05Which has better profit margins — POAS or CSCO?
Cisco Systems, Inc.
(CSCO) is the more profitable company, earning 18. 0% net margin versus -125. 3% for Phaos Technology Holdings (Cayman) Limited — meaning it keeps 18. 0% of every revenue dollar as bottom-line profit. Operating margin tells a similar story: CSCO leads at 20. 8% versus -132. 9% for POAS. At the gross margin level — before operating expenses — CSCO leads at 64. 9%, reflecting greater pricing power or product mix advantage. Stronger margins indicate durable pricing power, lower cost of revenue, or higher mix of software/services. They are one of the clearest signs of business quality.

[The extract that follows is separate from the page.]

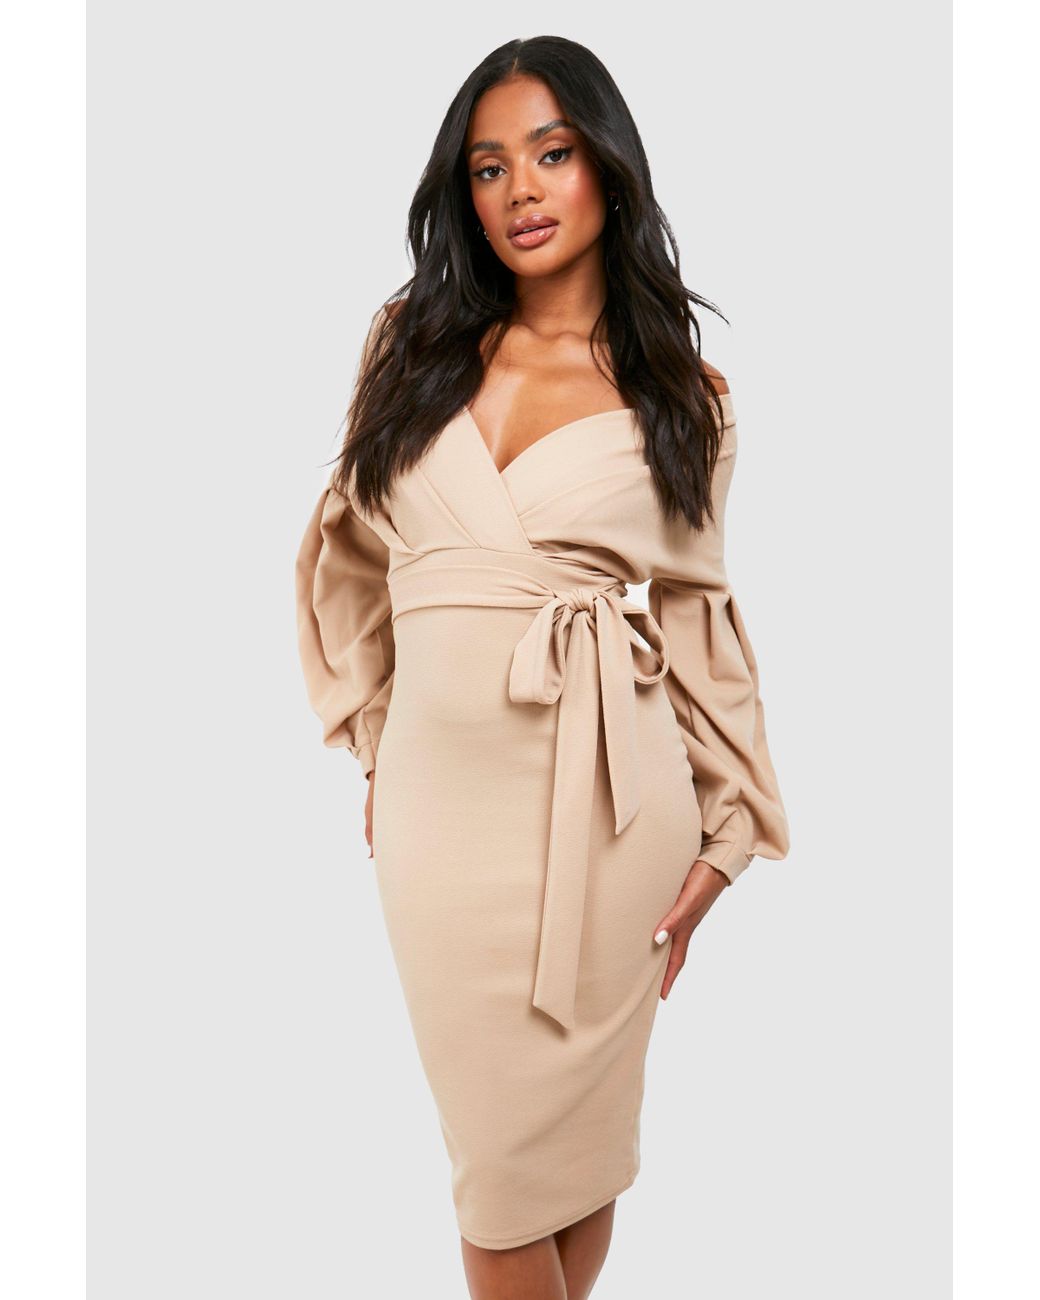 Boohoo Off The Shoulder Wrap Midi Dress in Natural | Lyst UK

06Which pays a better dividend — POAS or CSCO?
In this comparison, CSCO (1.
7% yield) pays a dividend. POAS does not pay a meaningful dividend and should not be held primarily for income.
07Is POAS or CSCO better for a retirement portfolio?
For long-horizon retirement investors, Cisco Systems, Inc.
(CSCO) is the stronger choice — it scores higher on the combination of lower volatility, dividend reliability, and long-term compounding (low volatility (β 0. 90), 1. 7% yield, +318. 3% 10Y return). Both have compounded well over 10 years (CSCO: +318. 3%, POAS: -37. 9%), confirming both are viable long-term holds — but the lower-volatility option typically results in less emotional selling during corrections. Retirement portfolios generally favour predictability over maximum returns. Consult a financial advisor before making allocation decisions.
08What are the main differences between POAS and CSCO?
These companies operate in different sectors (POAS (Healthcare) and CSCO (Technology)), which means they face different economic cycles, regulatory environments, and macro sensitivities — making direct comparison nuanced.
In terms of investment character: POAS is a small-cap high-growth stock; CSCO is a large-cap quality compounder stock. CSCO pays a dividend while POAS does not, making them suitable for different income and tax situations. These fundamental differences mean investors should not choose between them on a single metric — the "better stock" depends entirely on which of these characteristics aligns with your investment strategy.